Infidelity

Understanding and Healing Infidelity

The New Crisis of Infidelity

Internet InfidelityIn recent years, infidelity has begun root in new ways, due to the advent and growth of the Internet and the entry of women into professions once dominated by men. Many experts are noticing that both in the workplace and on the Internet, “a new crisis of infidelity” is unfolding. The new type of infidelity involves people who do not seek out extramarital affairs, but are unintentionally moving beyond platonic friendships to romantic involvements.

Maheu and Subotnik (2001) explain that the Internet provides an escape in the form of cybersex and so-called “virtual infidelity” to millions of people who do not know how to improve their difficult or unsatisfying relationships or whose religious beliefs do not permit divorce. “They may find themselves financially, geographically or emotionally stuck. Whatever their reasons, they seem to be hungering for easy access to companionship and sex” (p. 7-8).

The Internet has made it fast and easy to find and connect with others, and it's the ideal medium for secretive relationships. For those who seek it, infidelity is just a few clicks away.

“Cyber-infidelity occurs when a partner in a committed relationship uses the computer or the Internet to violate promises, vows or agreements concerning his or her sexual exclusivity” (Maheu and Subotnik, 2001, p. 10).

Though cyber-infidelity is receiving more attention, Glass believes that the truly fertile ground for dangerous emotional attachments outside marriages is much more conventional: the workplace. According to Glass, the workplace has become a dangerous breeding ground for infidelity (Peterson, 2003).

Peterson (2003) explains that with employees working closely together for longer hours, close bonds form and temptations arise.

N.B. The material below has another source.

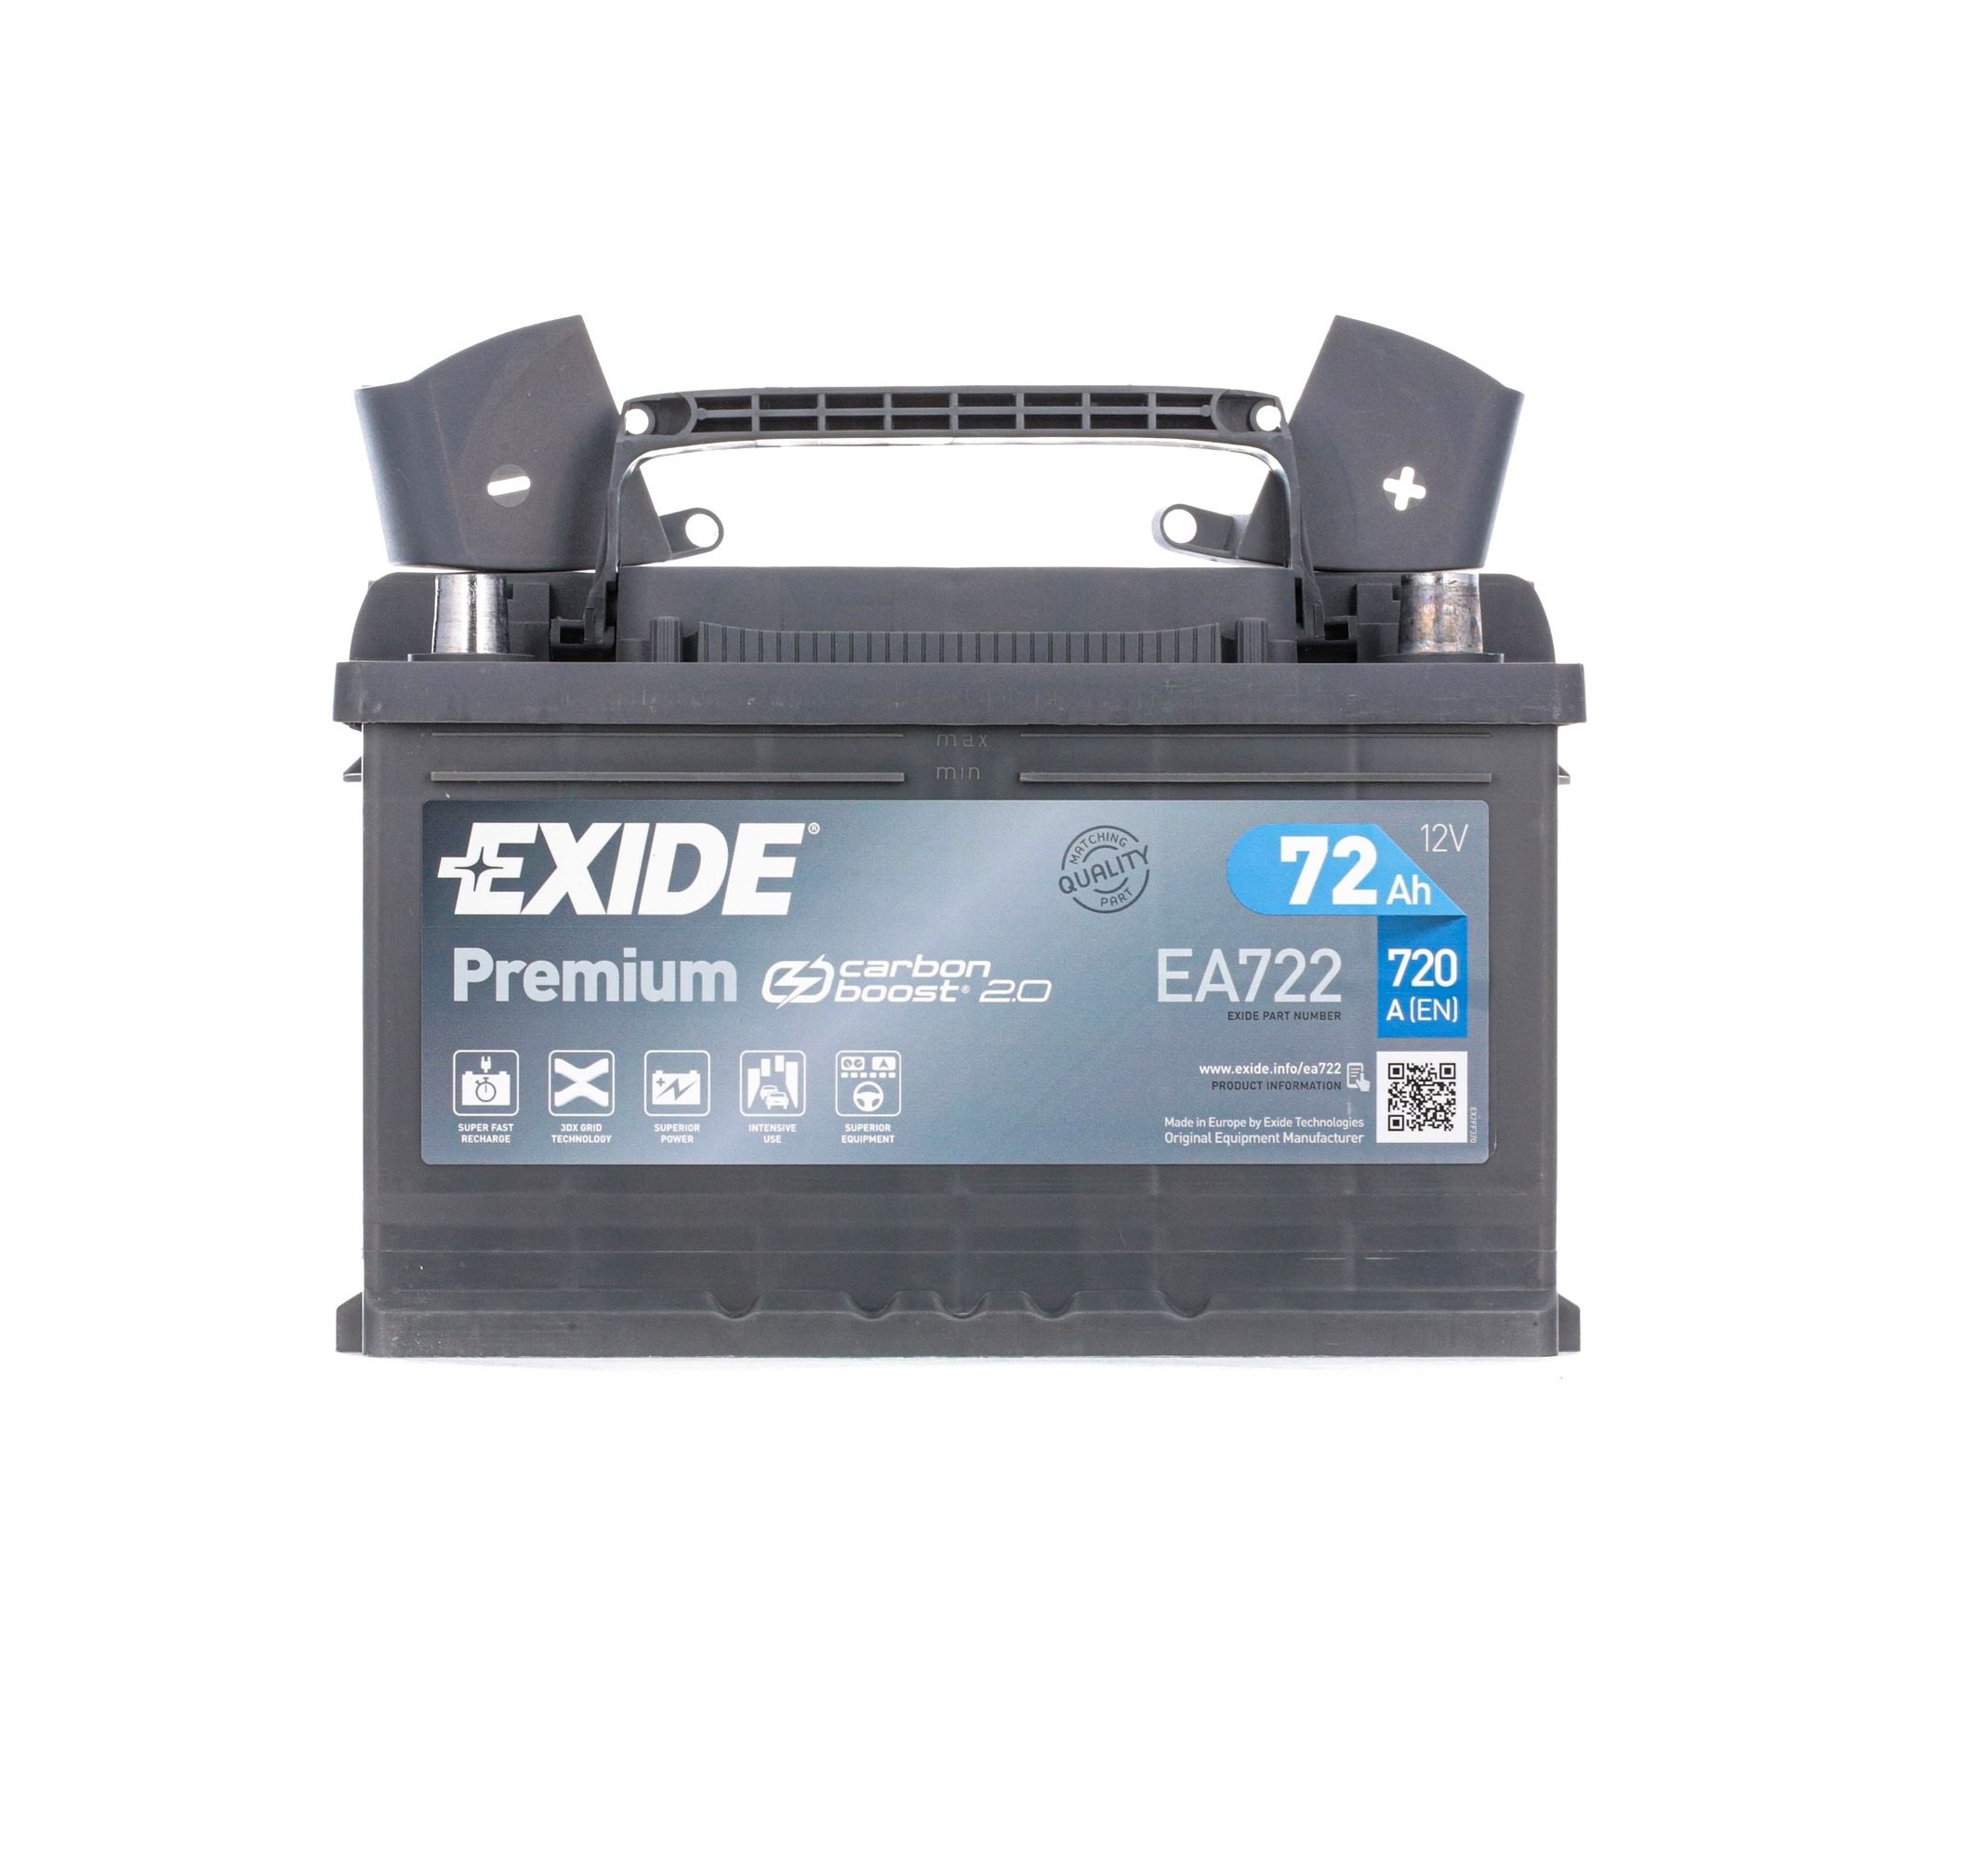 Batterie 57113GUG EXIDE EA722 - Kfz-Elektrik Teile für Jaguar bestellen

Thus, infidelity in the workplace often takes place between well-intentioned people, peers who are happily married.

Glass highlights the following three key characteristics of a relationship that crosses the line from harmless platonic friendship to deeper emotional attachment and infidelty: “1) greater emotional intimacy than in the marital relationship, 2) secrecy and deception from the spouse, and 3) sexual chemistry.”

Extramarital involvements based on a deep emotional bond can be as painful for the betrayed spouse as a sexual infidelity. However, experts generally agree that affairs that include both extramarital infidelity and a meaningful emotional bond are the most disruptive.